The United States favors an Iraq that offers its people freedom at home. I categorically reject arguments that this is unattainable due to Iraq's history or its ethnic or sectarian makeup. Iraqis deserve and desire freedom like everyone else.--Bill Clinton, Oct. 31, 1998, after he signed the Iraq Liberation Act.

Before I commence with any of my typically insane mutterings, I'd like to wish everyone in Culm County a Happy Thanksgiving. But be warned that while oozing oodles and oodles of heartfelt thanks for your being much, much, much more fortunate than the oft-bemoaned "less fortunate" among us, you must abide by the newly-issued regulations whereby being thankful must be a completely secularized undertaking.

Yes, being that the frustrated commie/politically correct crowd have demanded that this country must become Holland in every meaningful respect, you dare not thank God for your being able to acquire a 20-pound turkey and all of the edible peripherals normally associated with this holiday. Modern science has determined that God never existed in the first place, and that conclusion was backed up by Kevin Lynn, the High Priest of The Church of Smarmy Insults. And who could argue with "emperical" data such as that? Even if God did happen to exist back in the days when the dinosaurs dominated Congress, moral absolutism is now punishable by sodomy. So forget this God nonsense and get on with feeling guilty for not being a slacker and being able to afford a 20-pound turkey with all of the trimmings. God will provide? What a completely quaint, antiquated and disproven concept. The latest directive coming from Comrade Hillary's camp correctly points out that only government provides, and God is little more than an urban legend run amok in the trailer parks.

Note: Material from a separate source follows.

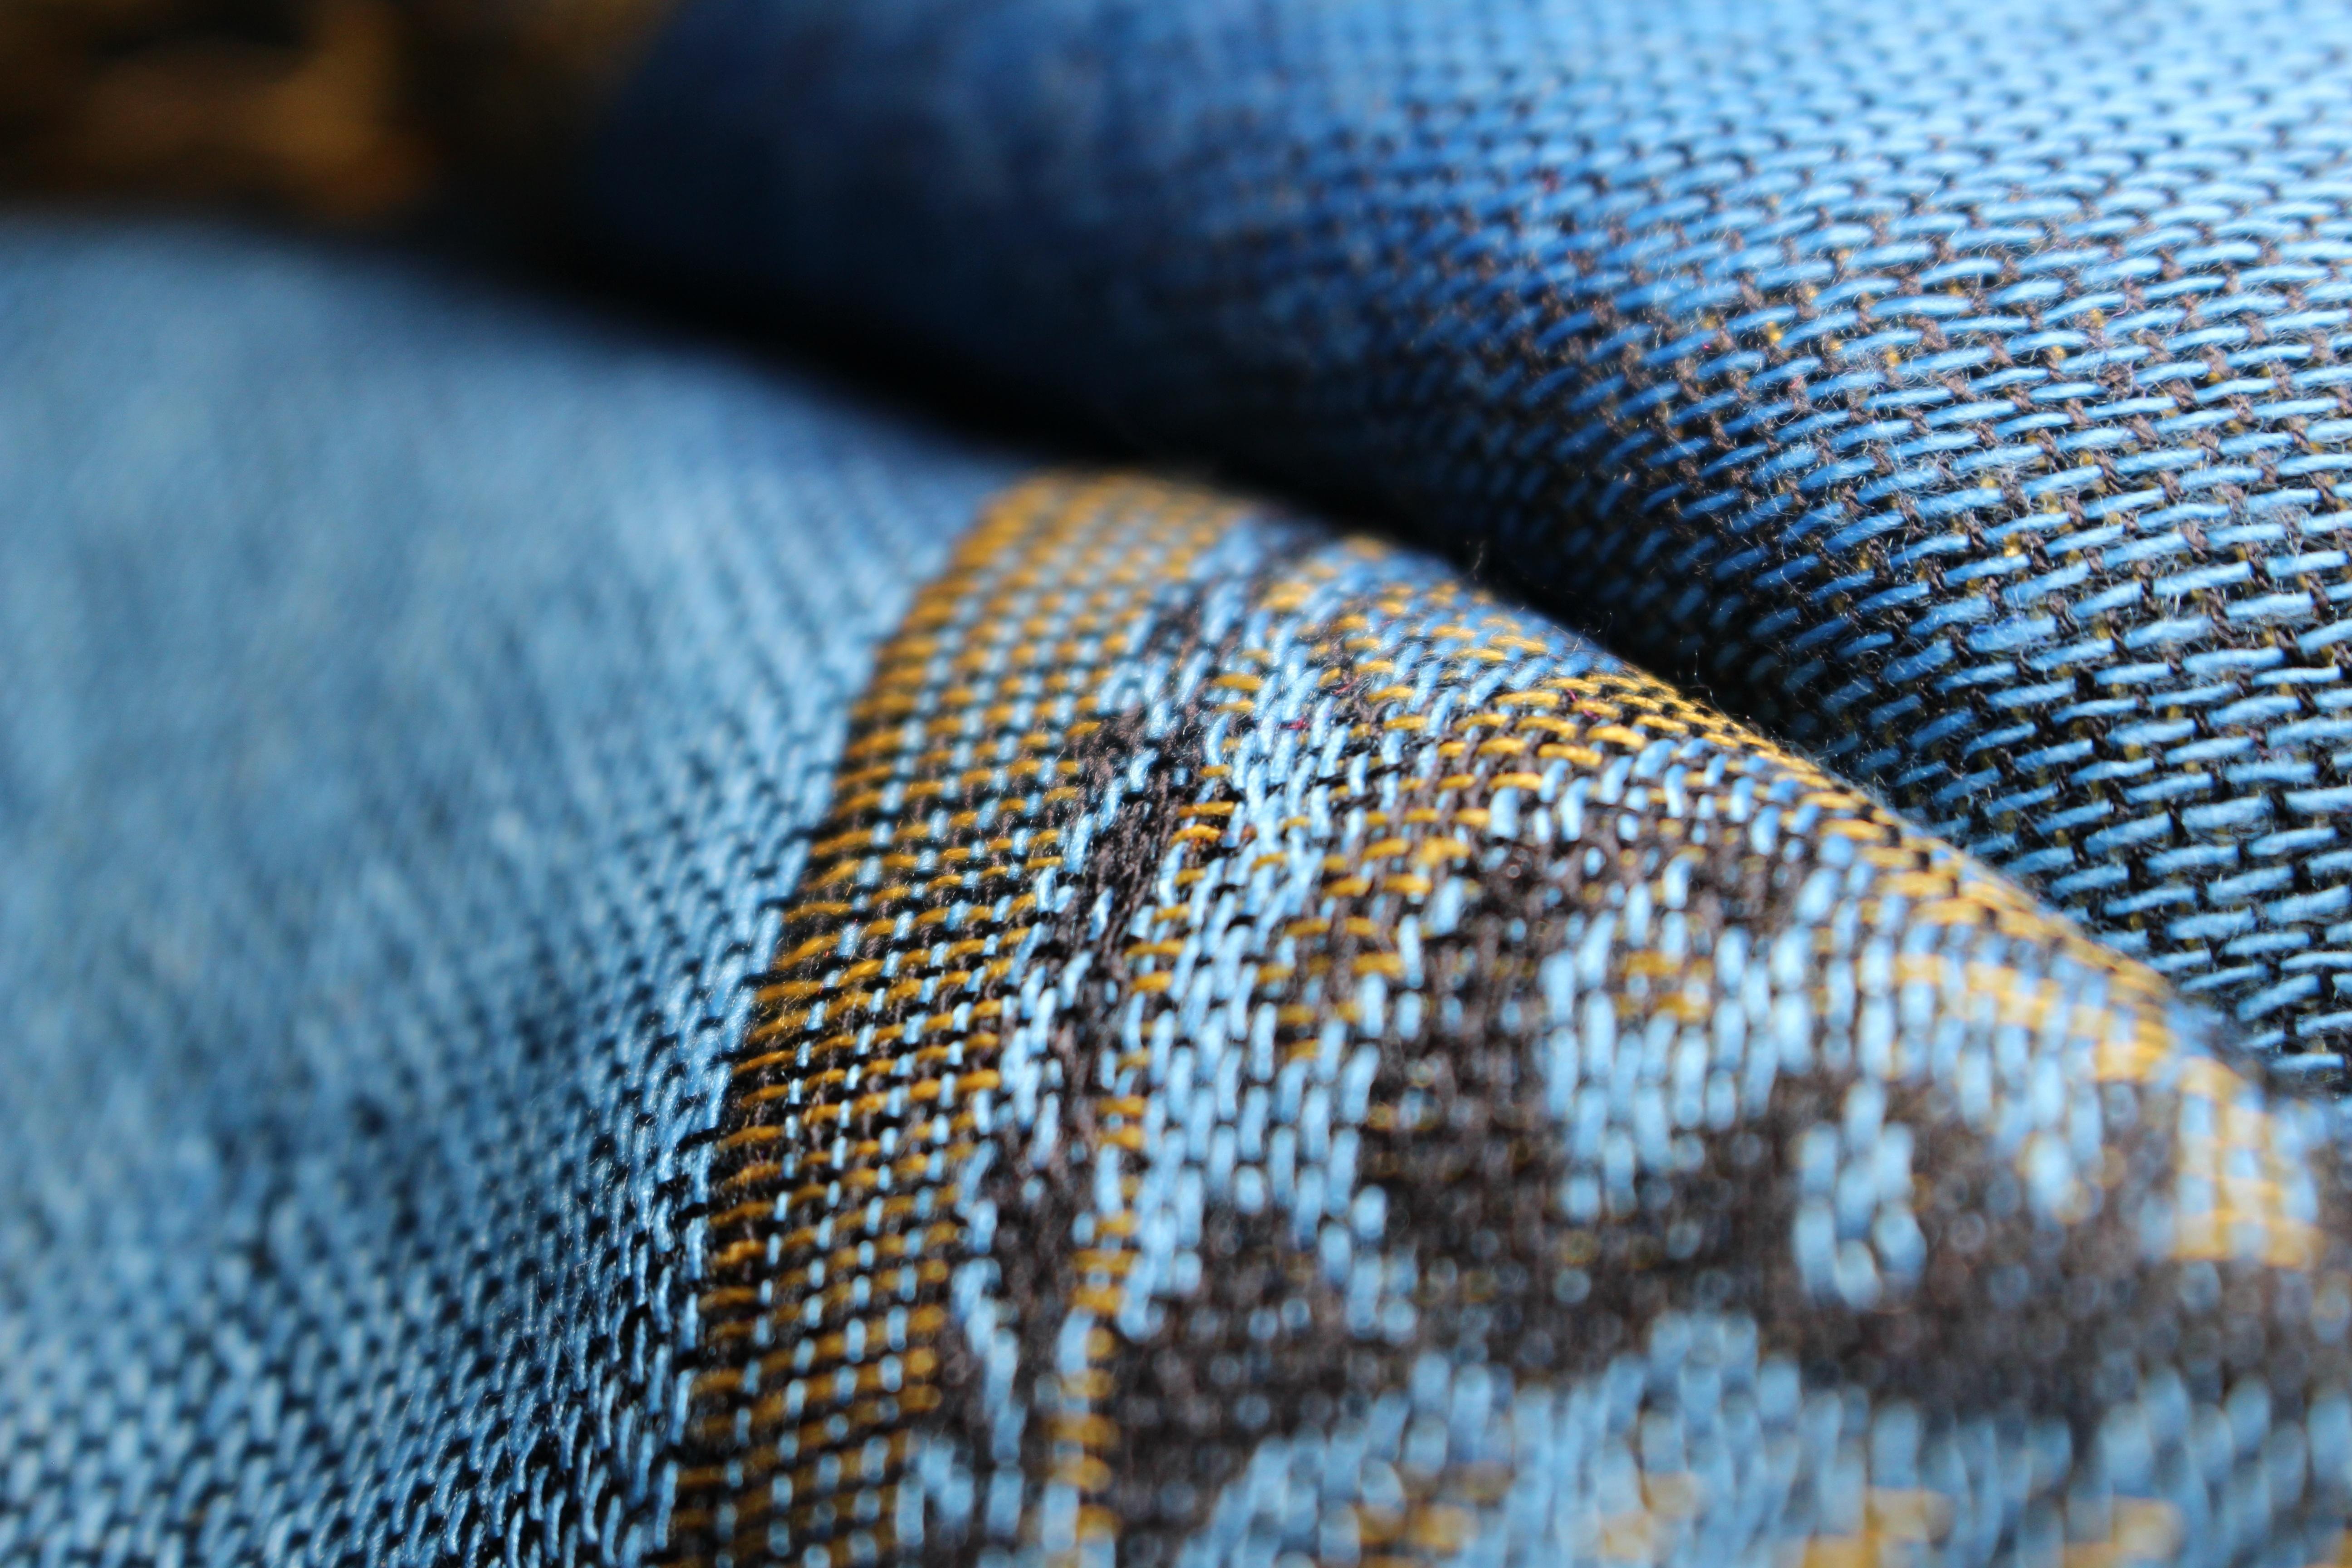 Kostenlose foto : Hand, Textur, Blatt, Muster, Farbe, blau, Kunst ...

Teach a man how to turn fermented curd into cheese, and he can feed his family and maintain some modicum of dignity and self-worth. Give a man a free 5-pound block of cheese at the local shelter and be forever beholden of his vote. Well, provided that the substandard government-surplus imitation cheese remains readily available to the easily led and the easily duped. You see, in an enlightened and secularized socialist society such as ours, God has nothing at all to do with helping the "less fortunate." The government will provide for them. And if you lean left at the polls, the government will one day provide for the more fortunate also, thereby lowering their standard of living and leveling the 'capitalist pig' playing field that has held back income redistibution and fairness for far too long now.

Despite all of your college credits, your hard work, your 6-day work weeks, and missing out on too much of your kid's formulative years all in the name of earning a buck, it's time that you pay your fair share so the "less fortunate" can continue to drink all night and then roll out of bed somewhere around noon. And with the passage of some time, incremental but steady increases in taxation, and a future erosion of the American persona--personal responsibility--you too will be able to watch impatiently for the mailman on check day.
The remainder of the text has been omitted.